In a Wall Street Journal feature opinion essay titled “The Weekend Interview: Rev. John I. Jenkins, Catholicism, Inc., deputy editor Naomi Schaefer Riley provides an illuminating description of her interview with Father Jenkins in anticipation of the Pope’s address to college and university presidents.
It should be noted preliminarily that, as may be evident from the article, Ms. Riley knows a good deal about Notre Dame. She devoted an entire chapter to the University in her well-received book, God on the Quad.
Ms. Riley opens with Father Jenkins’s account of Father Hesburgh’s offer of a teaching position to the young Father Joseph Ratzinger, but she then wonders “whether such an offer would be made today [and] more significantly, whether someone with the Pope’s beliefs about Catholic higher education could accept.”
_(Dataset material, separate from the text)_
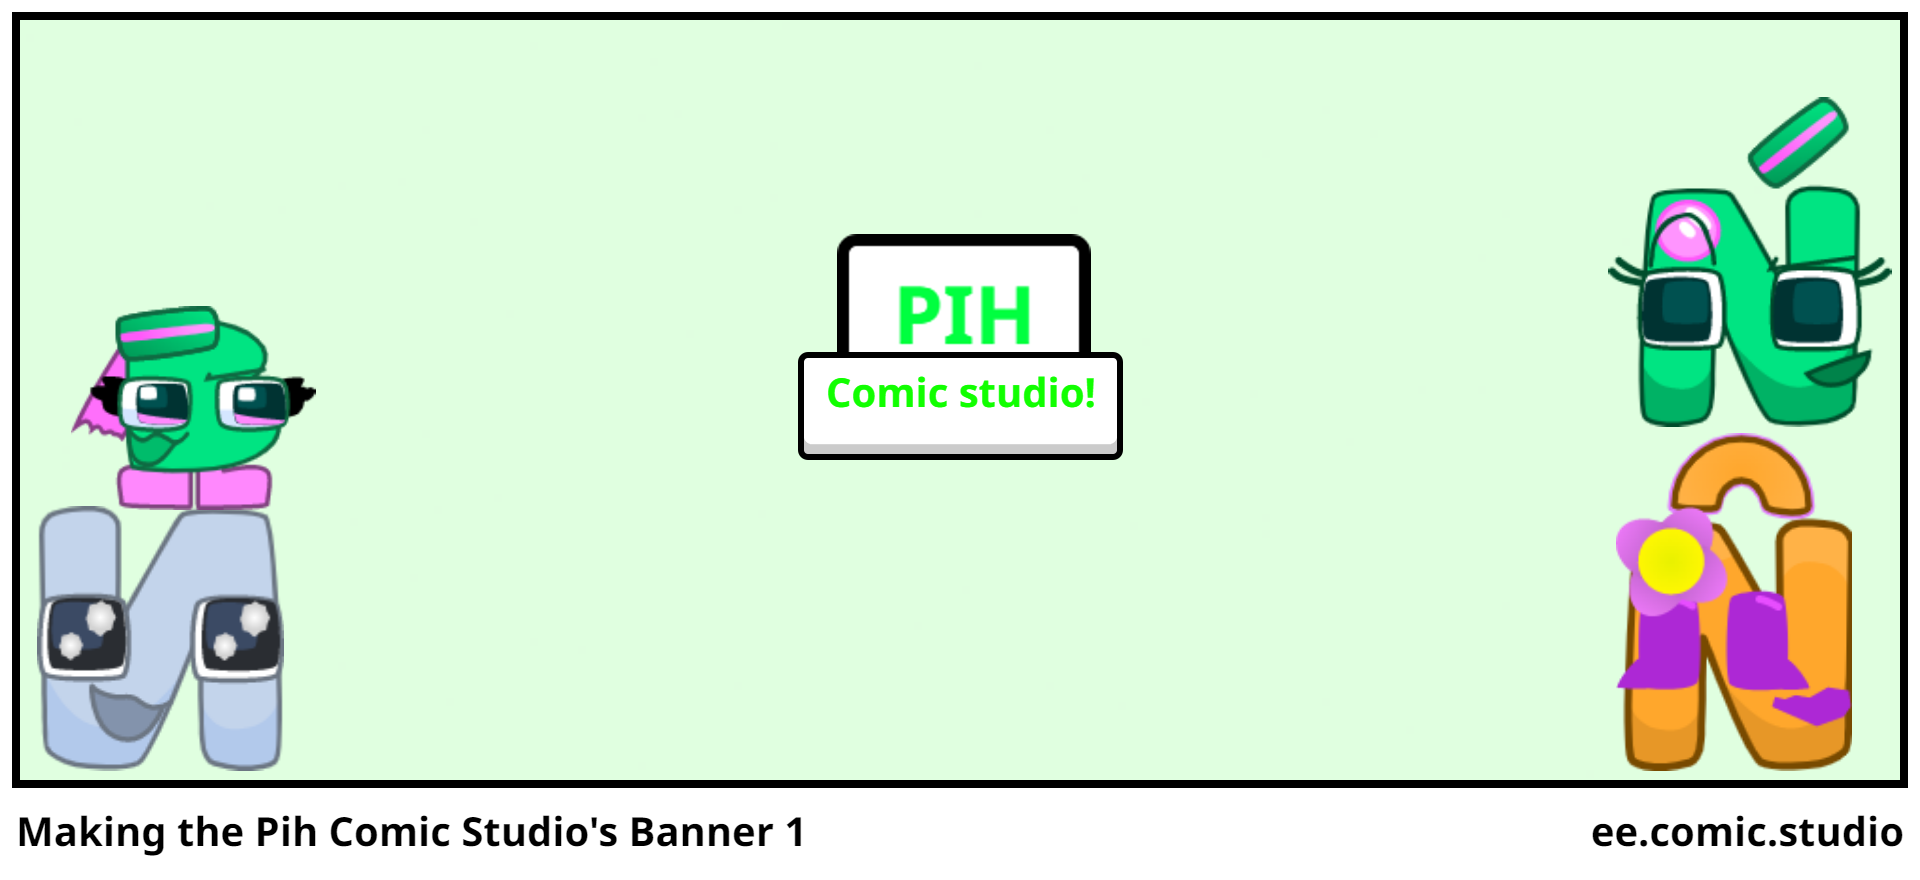 Making the Pih Comic Studio's Banner 1

Noting a “slow drift toward secularism” in Catholic higher education, Ms. Riley writes, “Catholic colleges are on the front lines of a battle for the soul of the church.” She reports that, though Father Jenkins calls Ex Corde Ecclesiae — Pope John Paul II’s Apostolic Constitution on Catholic higher education — a “superb document,” “most Catholic college leaders, including Father Jenkins, have not implemented it to the extent that they expected they would have to.”
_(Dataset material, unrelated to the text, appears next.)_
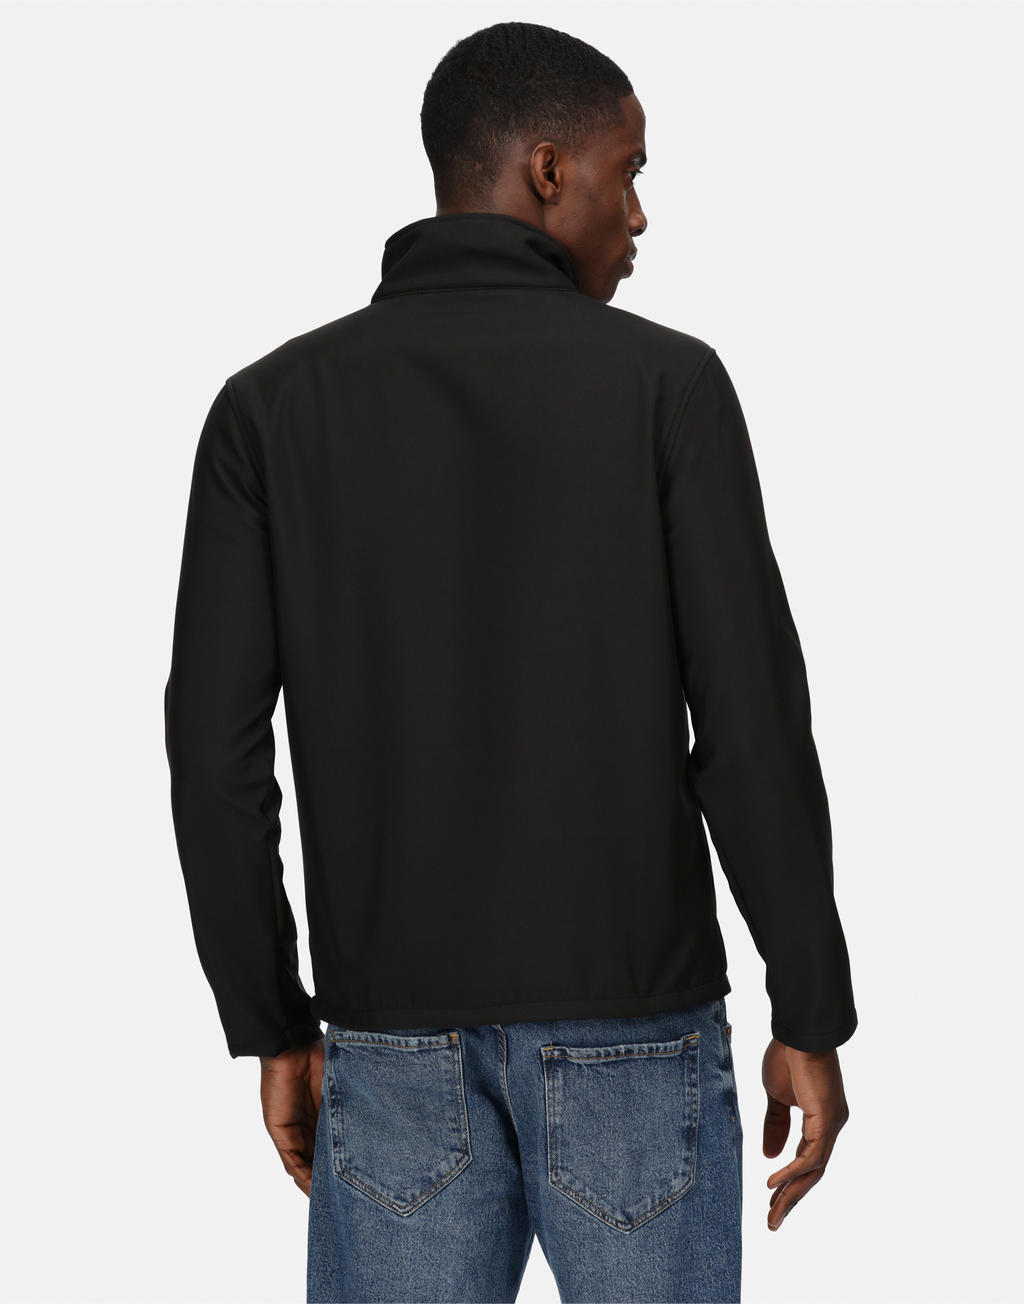  Eco Ablaze Softshell Jacket in Farbe Black/Black

Thus, for example, “Father Jenkins can claim total ignorance about which members of his own theology department are approved by the church.”
Again, Ms. Riley reports, “Despite the Vatican’s clear condemnation of liberation theology, a Marxist approach to Christianity, the doctrine is still proudly taught at Notre Dame” — though Father Jenkins says that “the situation is not so clear cut.”
Ms. Riley pays special attention to Father Jenkins’s decision to approve the student on-campus performance of The Vagina Monologues. That decision, she reports, “made headlines;” and while a few other Catholic college presidents have taken the same action, Father Jenkins’s “nod of approval is deeply symbolic.” She notes the student protests and says that “people familiar with the university are not surprised that it was the kids, not the grown-ups, who registered the strongest objection.”
Observing that “only half the faculty is Catholic now,” Ms. Riley offers this bleak conclusion: “The students are probably the most religious part of Notre Dame.”